My husband called me later that afternoon and asked how my day was going. “I’m a failure,” I moaned. “How will I ever learn how to make difficult things from scratch if I’m failing at the easy stuff?”
Of course my husband told me that I was not a failure. These kinds of things happen to everyone. I believed him. Sort of. My morning just felt like a total waste of time with two failings back to back.
Later on, I was able to take a step back and realize that everything was going to be okay. Even though a couple of things didn’t turn out the way I had hoped in the kitchen, I needed to keep going.
My family needs me to learn these things. I was never taught to cook as a child, and have always been terribly afraid of it. Well, maybe not afraid of it, but afraid of failure. I mastered easy meals awhile ago, but within the last two years I’ve been trying things like sourdough bread and goat cheese. This has intimidated me!
But I think that both I and my children need to learn how to do this. For our family now, and for their families later. If I don’t learn and teach them, who will?
If we are diligent, eventually we will succeed!

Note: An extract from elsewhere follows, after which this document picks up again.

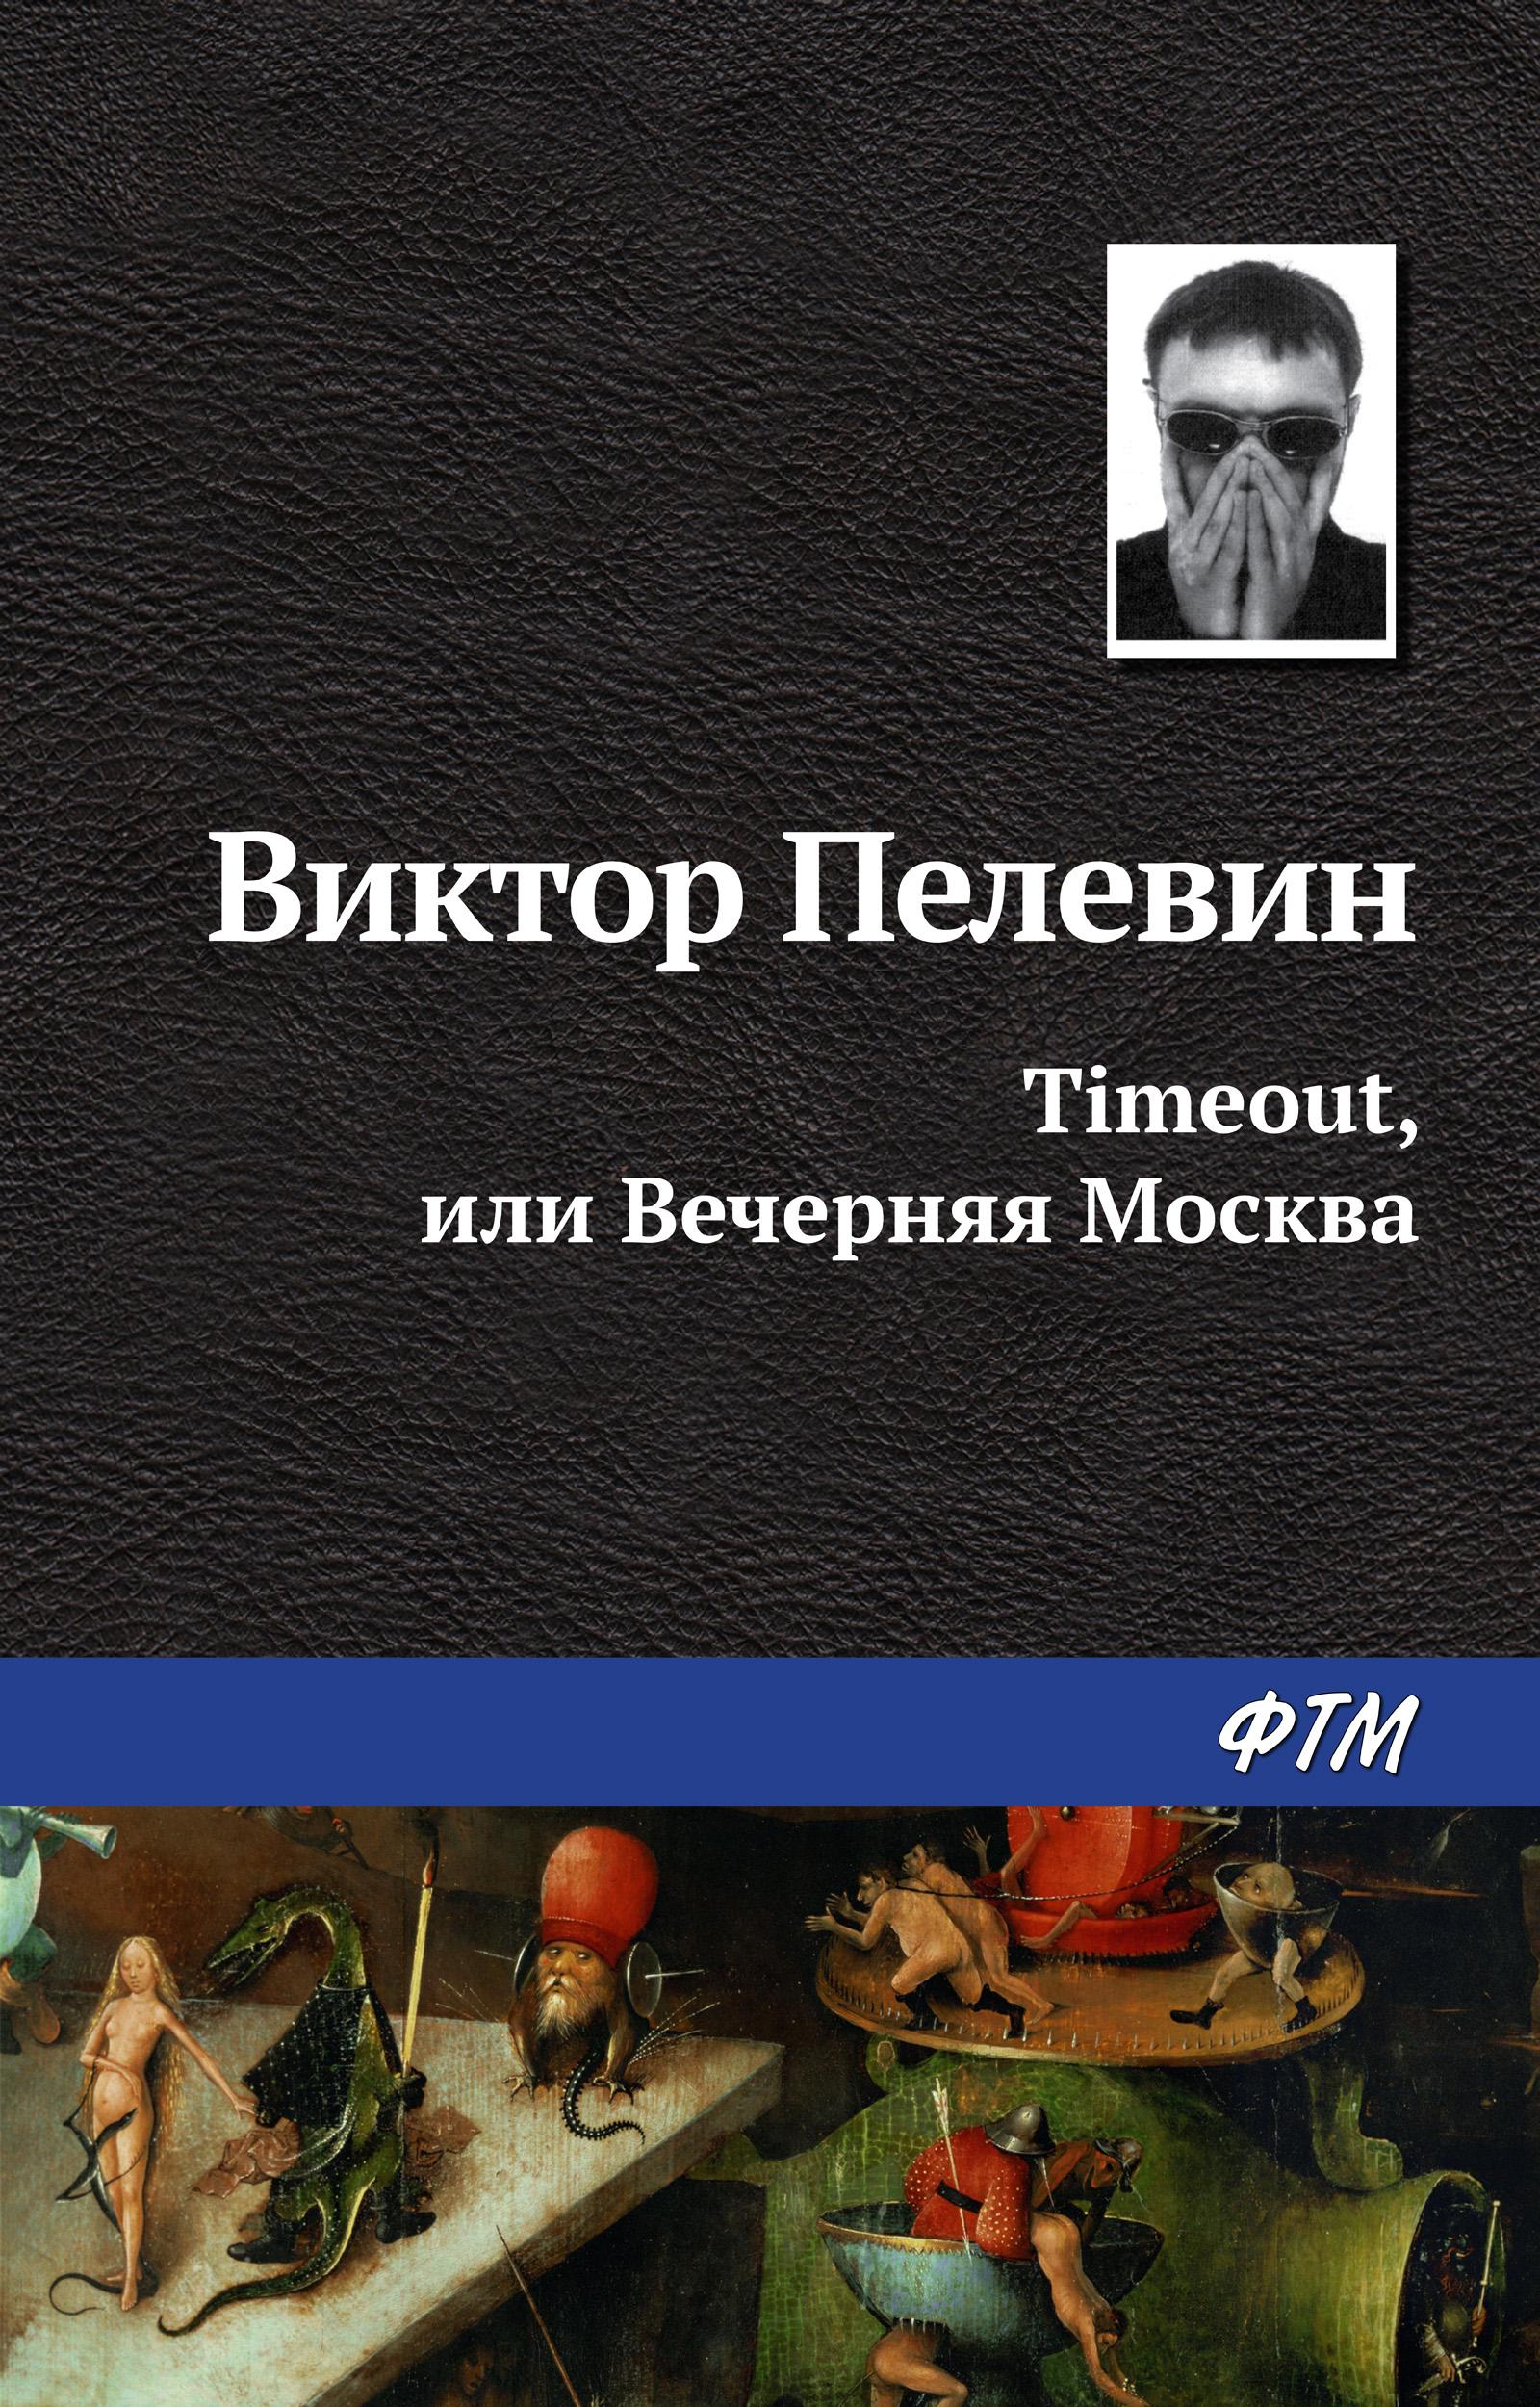 Виктор Пелевин Timeout, или Вечерняя Москва кастрюля эмалированная 4 0 л appetite bird 6rd201m

The plans of the diligent lead surely to abundance, but everyone who is hasty comes to poverty.
Proverbs 21:5
So today I decided to keep going. After verifying that my garlic had properly cured, I put it up for the year. I made a loaf of sourdough bread, as well as a complete dress for myself for the very first time. Yes! These few wins boosted my confidence.
Friends, let’s keep going even when we get it wrong. Learning to live simply and do things for yourself is hard! We won’t always get things right, and that’s okay. I think that sometimes we learn more by failing than by succeeding.
I hope everything is going well with you, and that your homemaking efforts improve each day! Thank you so much for stopping by my blog. Let’s continue to do well and keep learning how to serve our families better!
And let us not grow weary of doing good, for in due season we will reap, if we do not give up.